### EXERCISE DATA

────

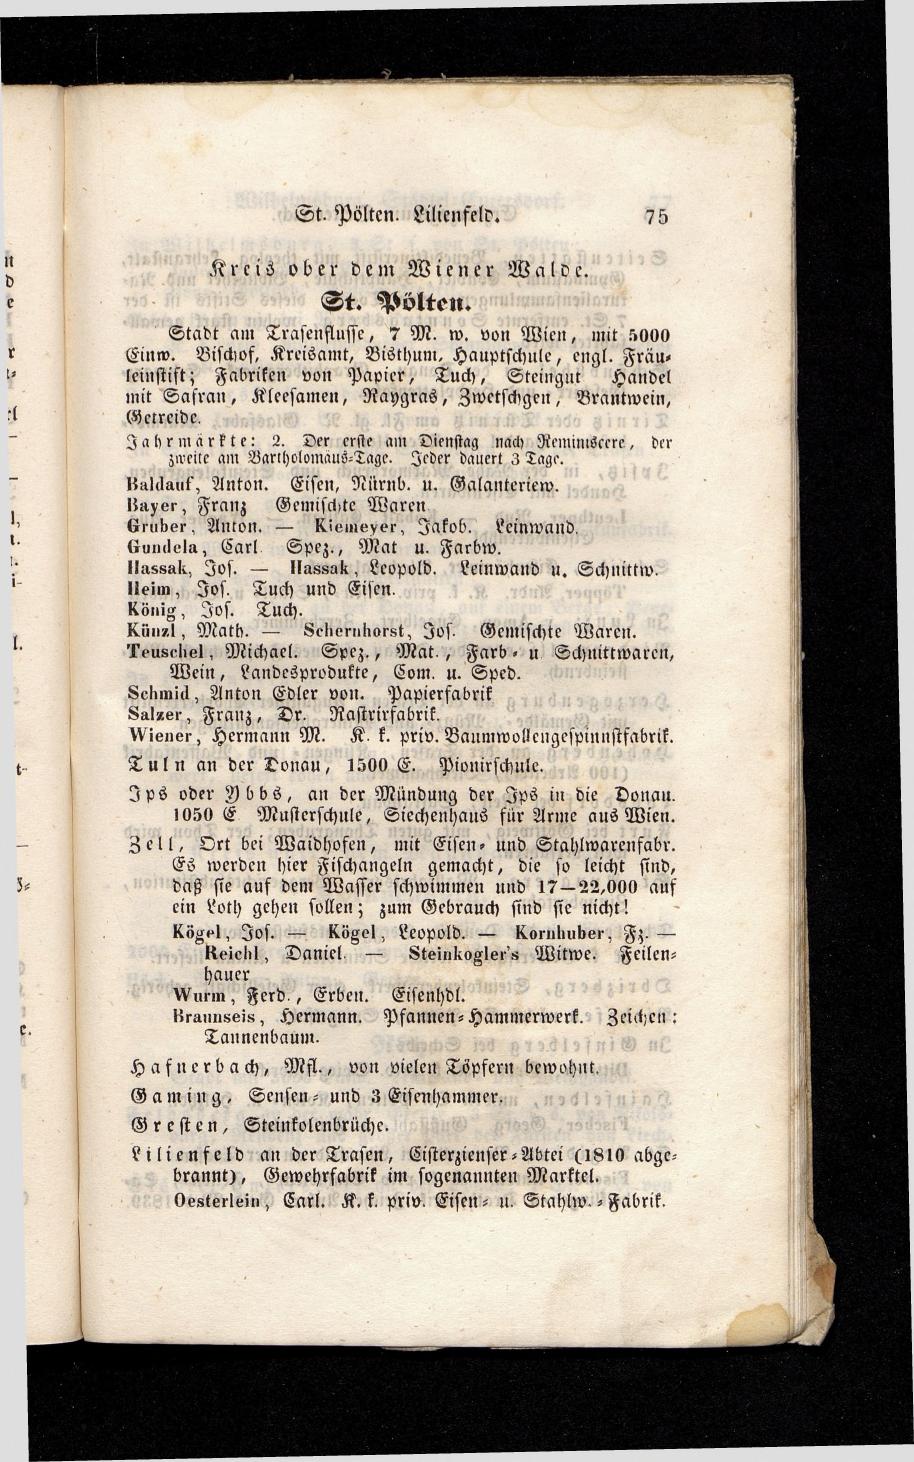 Grosses Adressbuch der Kaufleute. No. 13. Oesterreich ober u. unter der Enns 1844 - Page 79
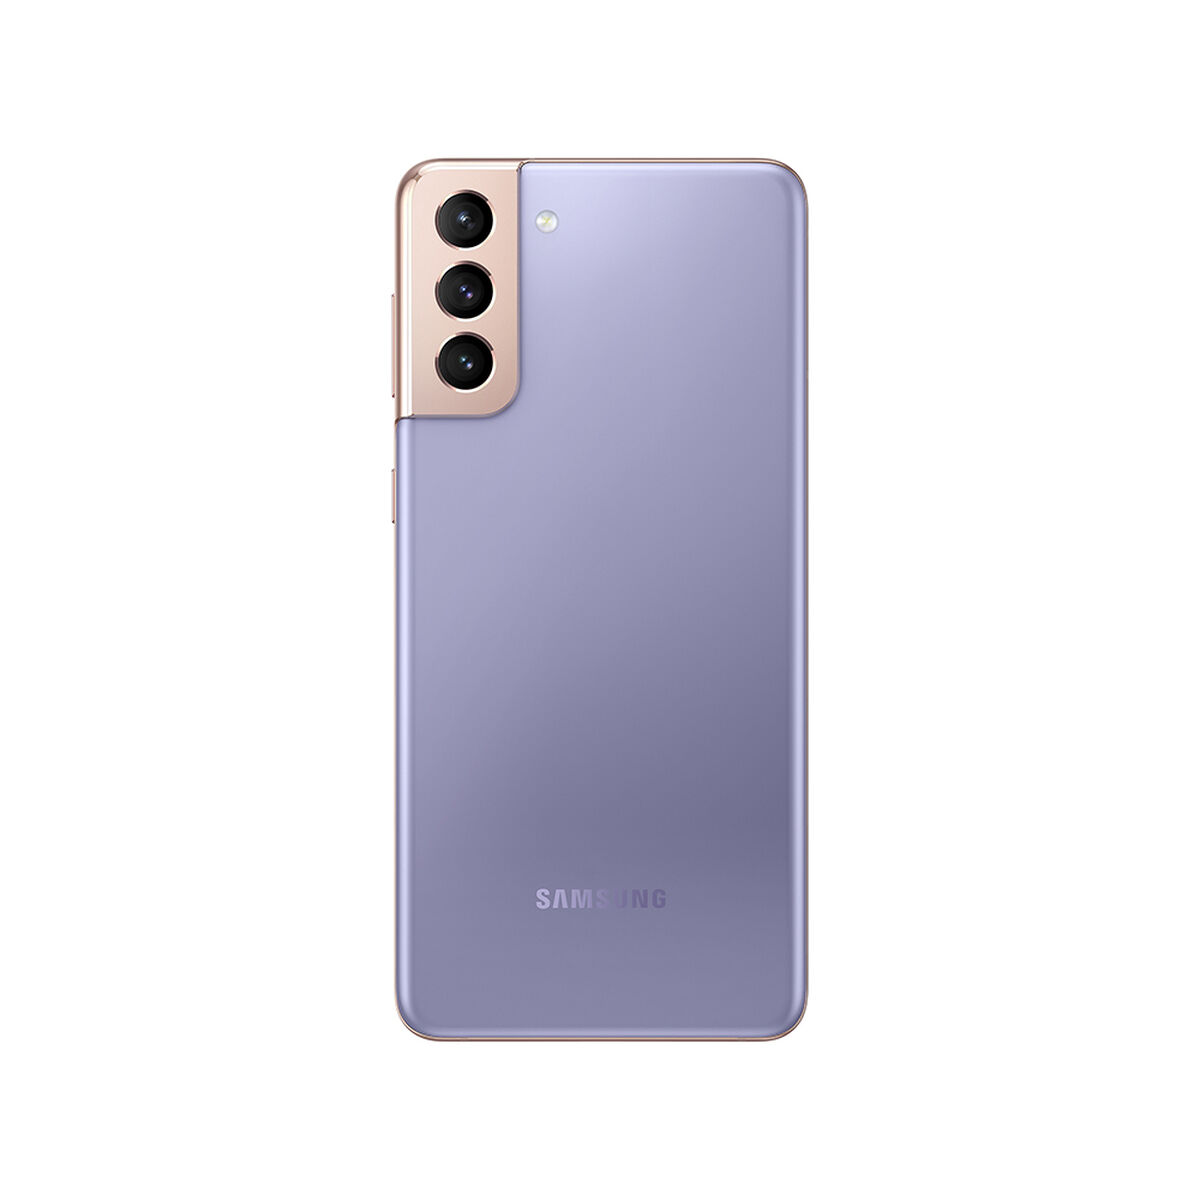 Combo Celular Samsung Galaxy S21+ 128GB 6,2" Phantom Violet Liberado + Minicomponente Sound Tower MX-T50/ZS
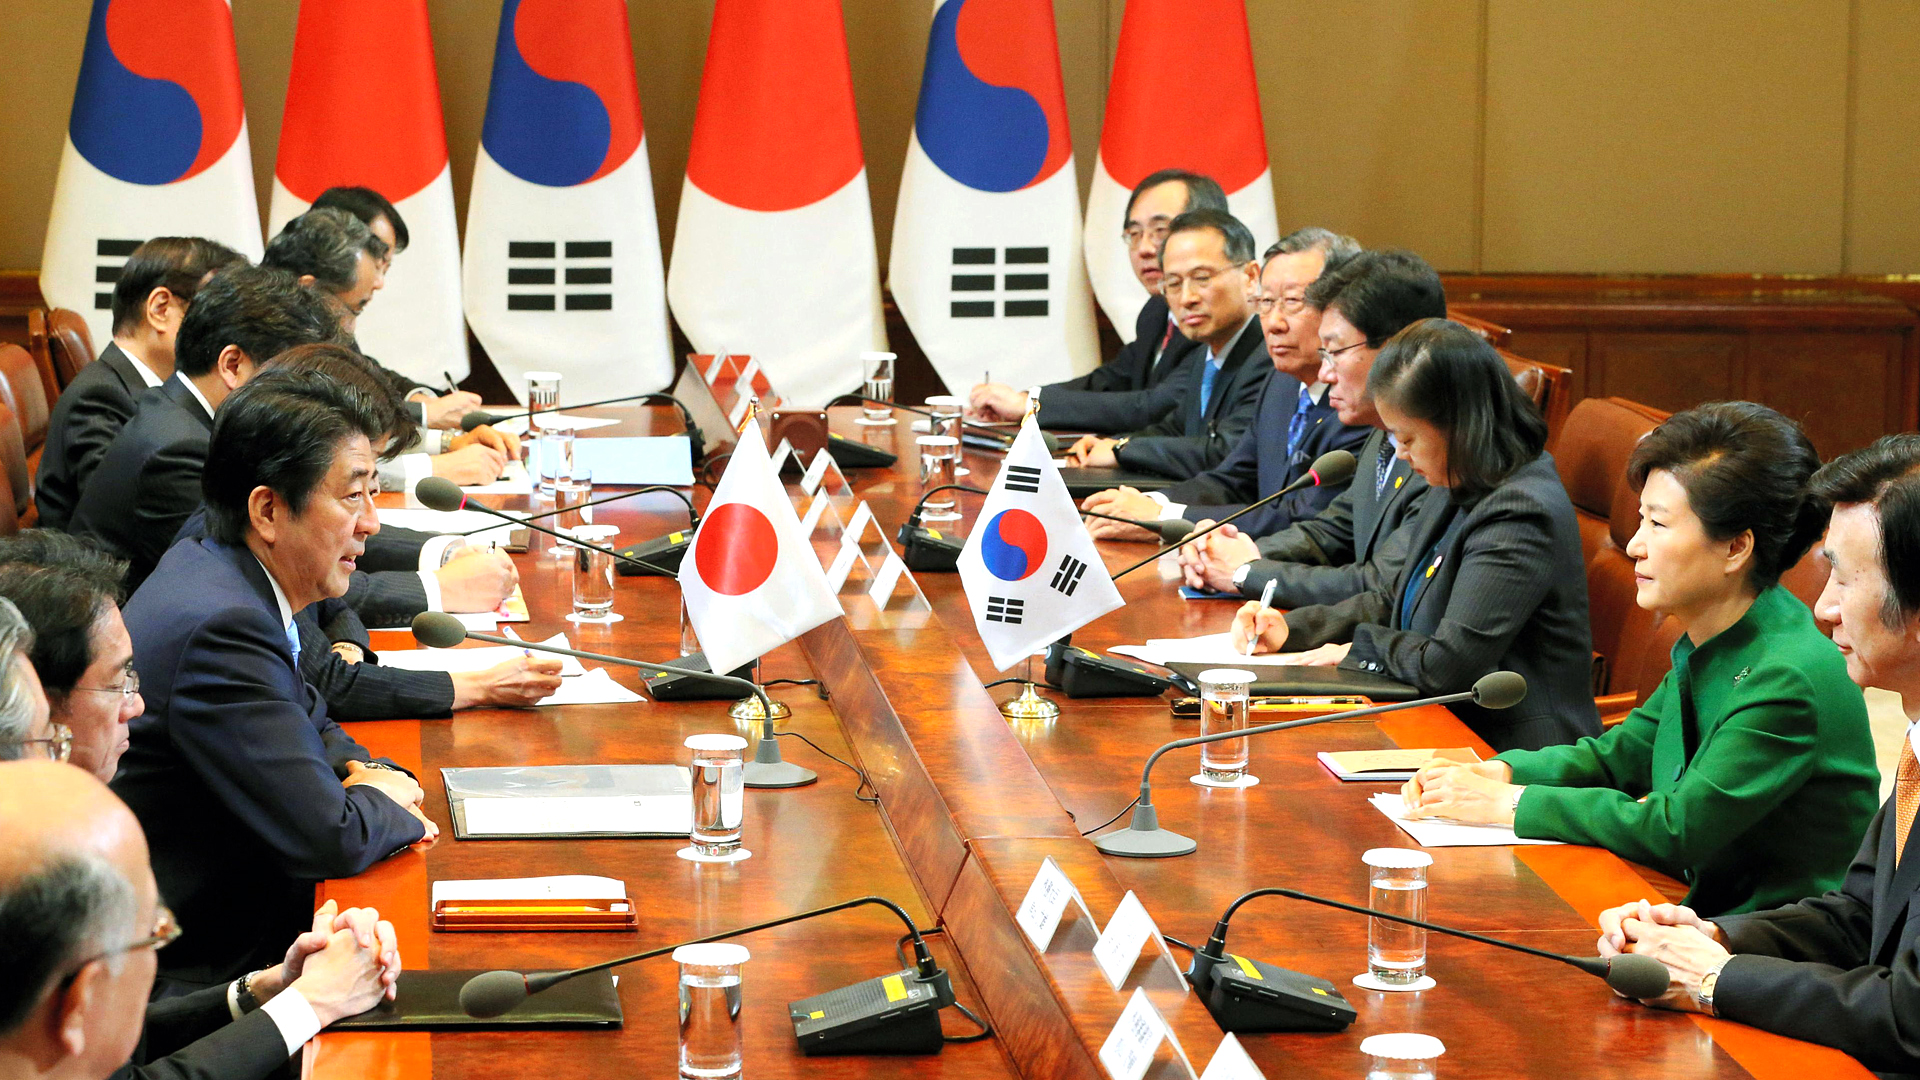 اليابان وكوريا الجنوبية تتوصلان لاتفاق ثنائي بخصوص قضية نساء الراحة بشكل نهائي وبلا رجعة في عام 2015 | عبر المصور تشيونج وا داي

────

### EXERCISE REQUIREMENTS
Repeat word for word the lines from the one holding "Combo Celular Samsung" through the last line of the listing above, including both ends. Drop the pictures.

### WRITTEN ANSWER
 Combo Celular Samsung Galaxy S21+ 128GB 6,2" Phantom Violet Liberado + Minicomponente Sound Tower MX-T50/ZS
 اليابان وكوريا الجنوبية تتوصلان لاتفاق ثنائي بخصوص قضية نساء الراحة بشكل نهائي وبلا رجعة في عام 2015 | عبر المصور تشيونج وا داي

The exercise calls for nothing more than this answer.